Fafnirloricus

Scientific classification
- Kingdom: Animalia
- Phylum: Loricifera
- Order: Nanaloricida
- Family: Nanaloricidae
- Genus: Fafnirloricus Fujimoto, 2020
- Species: F. polymetallicus
- Binomial name: Fafnirloricus polymetallicus Fujimoto, 2020

= Fafnirloricus =

- Genus: Fafnirloricus
- Species: polymetallicus
- Authority: Fujimoto, 2020
- Parent authority: Fujimoto, 2020

Genus of marine invertebrate

Fafnirloricus is a monospecific genus, containing the species Fafnirloricus polymetallicus.

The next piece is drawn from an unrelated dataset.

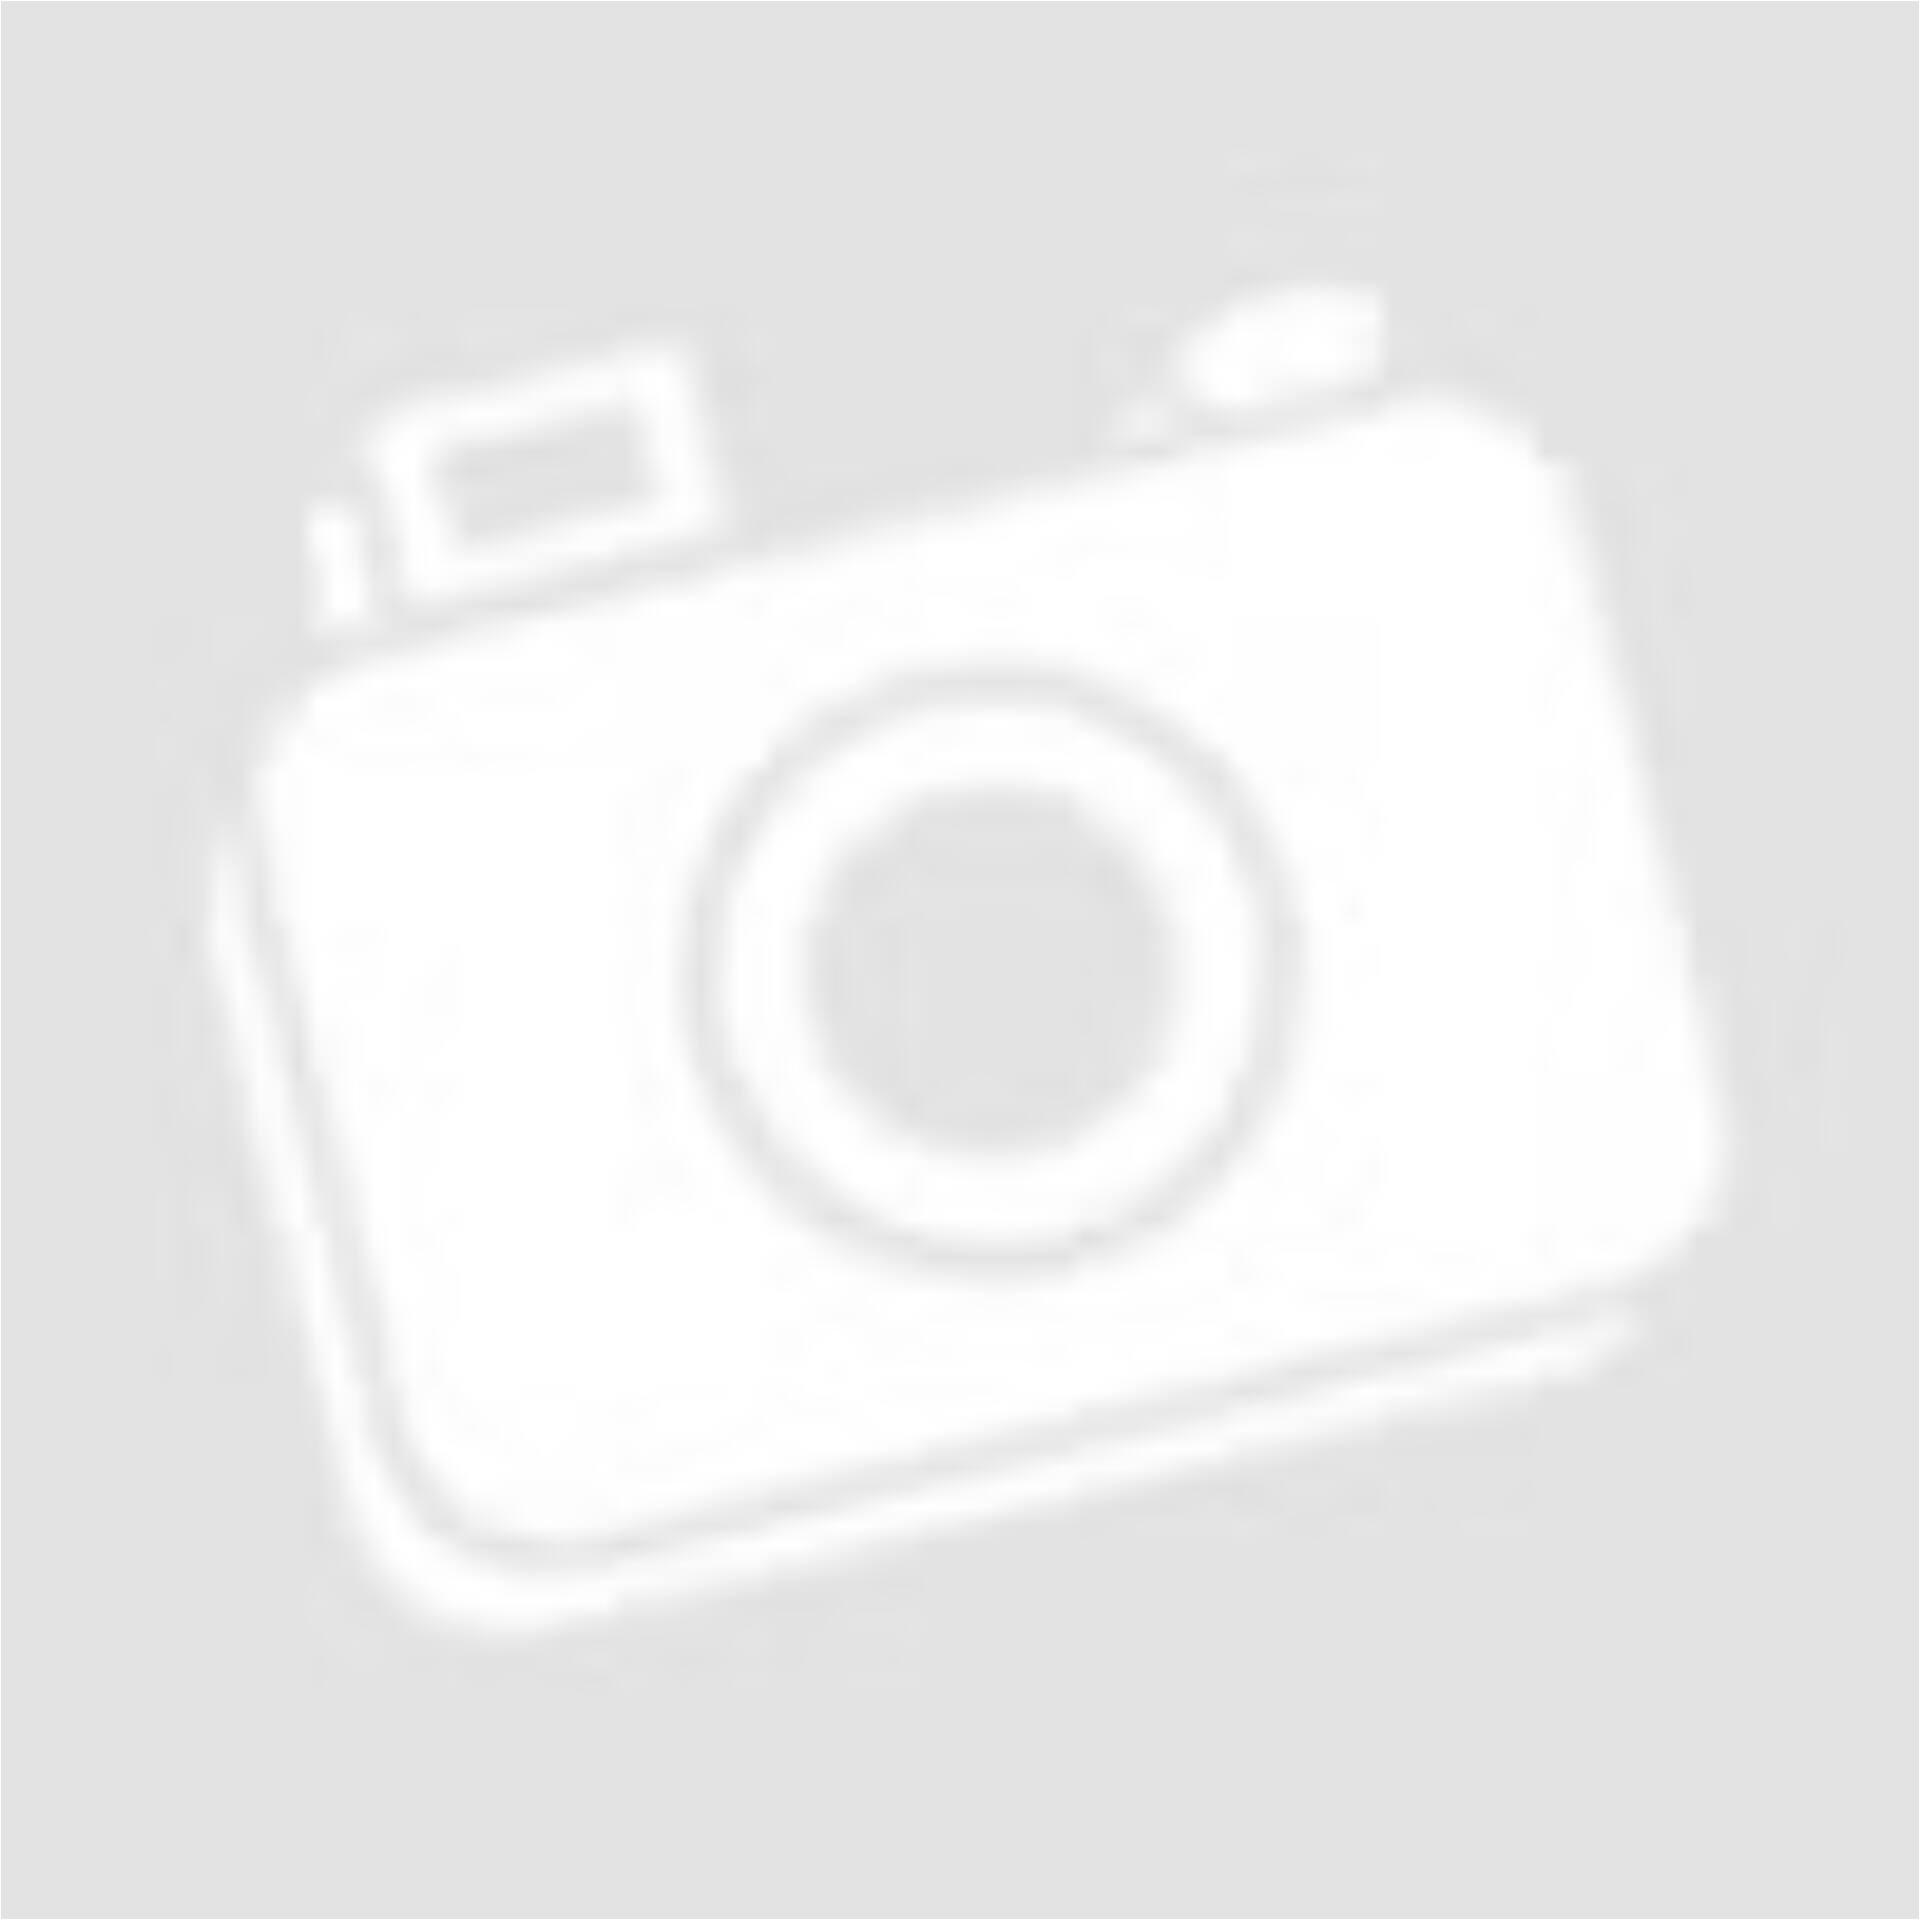 ea7fd82acb Kép 1/3 - SOLEIL bézs színű ruha nyak résznél gyöngyökkel díszített (Méret:  M)

It lives in sediment, as the rest of its phylum Loricifera does.

==Taxonomy==
In 2020, this species of Loricifera was found in the Clarion–Clipperton zone. It was found in sediment on manganese nodules 5223 meters deep.

==Traits==
An adult male of this species has a ringed cheek tube and brachiated (branched) clavoscalids (club-shaped scalids).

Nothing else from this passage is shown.